Refer to the same image in my last post (shown again here):
p9krhxvwldkbbju9bb7xgk-jpg.jpg


For the moment, ignore the dust rings (shown in pink/orange in the image). Those are real, huge rings out in space, gigantic in size. I'm not talking about those in this post. I'm just discussing the diffraction artifacts for the rest of this post.

In the image, notice the obvious diffraction spikes of the the central star. Then there are a couple of other stars -- one to the left, and another to the lower right -- that show some diffraction artifacts, and the diffraction spikes are just barely visible. The rest of the stars don't seem to have any noticeable artifacts or spikes.

Based on this, one might be inclined to think that brighter stars produce bigger artifacts and bigger spikes in the telescope's optics. This is false.

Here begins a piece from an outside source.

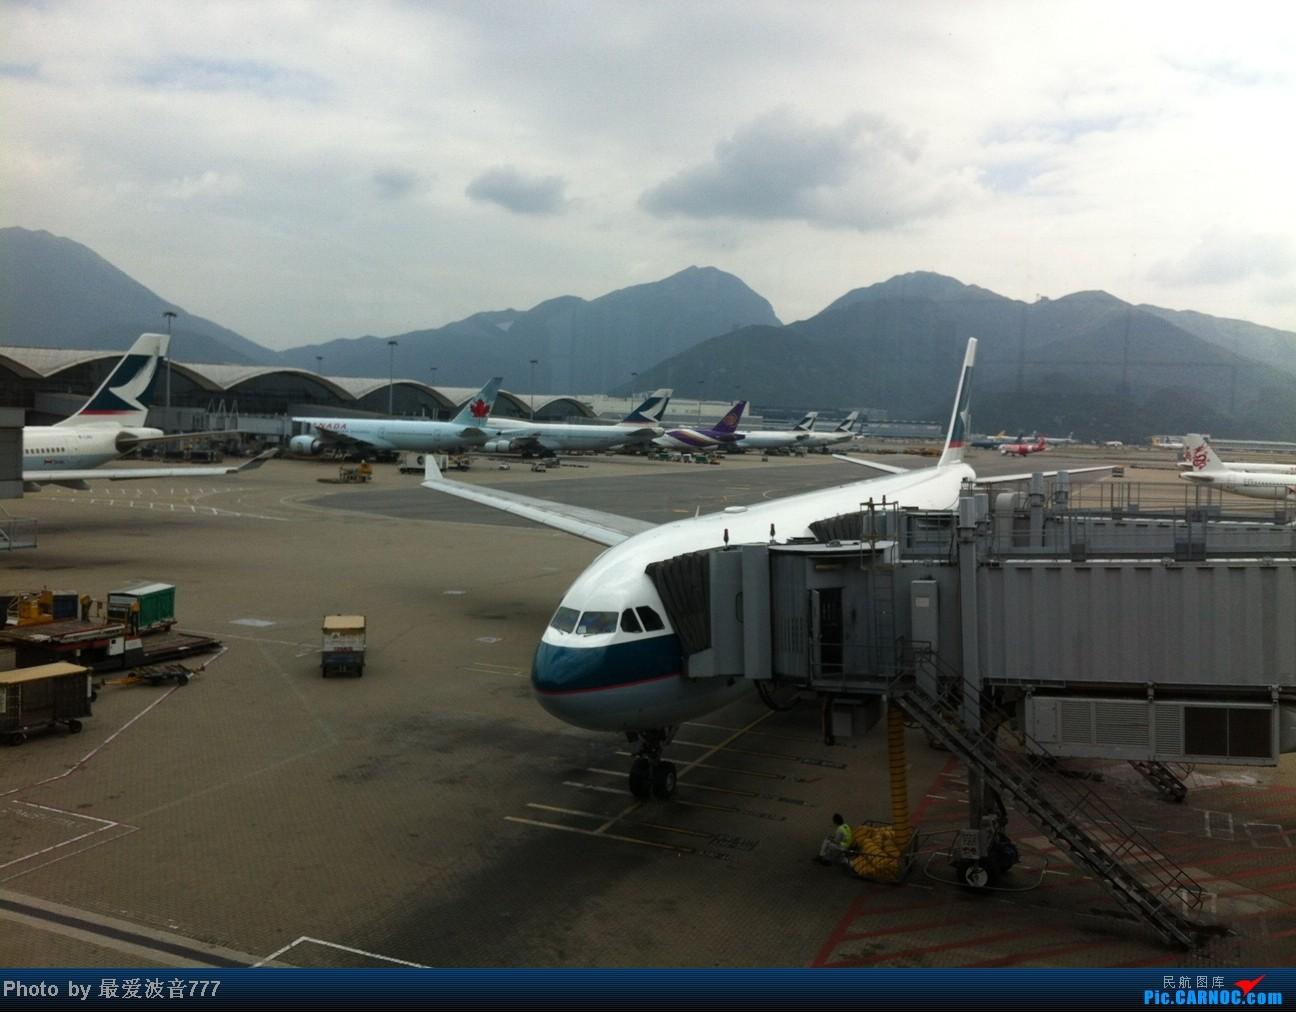 Re:[原创]假期的回国往返之旅 LHR-HKG-CTU-HKG-LHR, CX+CA+KA联合运营 AIRBUS A330-300 B-HLO 中国香港赤鱲角国际机场

That's not how it works.

In truth, brighter stars produce brighter artifacts and brighter spikes in the telescope's optics. Brighter, yes, but not "bigger."

Yes, those two stars -- one to the left and the other to the lower right -- have the same sized artifacts and spikes as the central star. They're just so dim that you can't make them out, except for the brightest part of the artifacts.

The central star is bright enough such that the hexagonal artifact is so bright (due to the way the image was processed) it blows out the whole central region, obfuscating any detail. Again, don't try looking for a bigger hexagonal pattern from the central star. It's not bigger. The artifact is the same size as the others. It's just brighter.

And the rest of the stars? They have the artifacts and spikes too, but the stars are dim enough such that the artifacts and spikes are so dim they are not noticeable in the image.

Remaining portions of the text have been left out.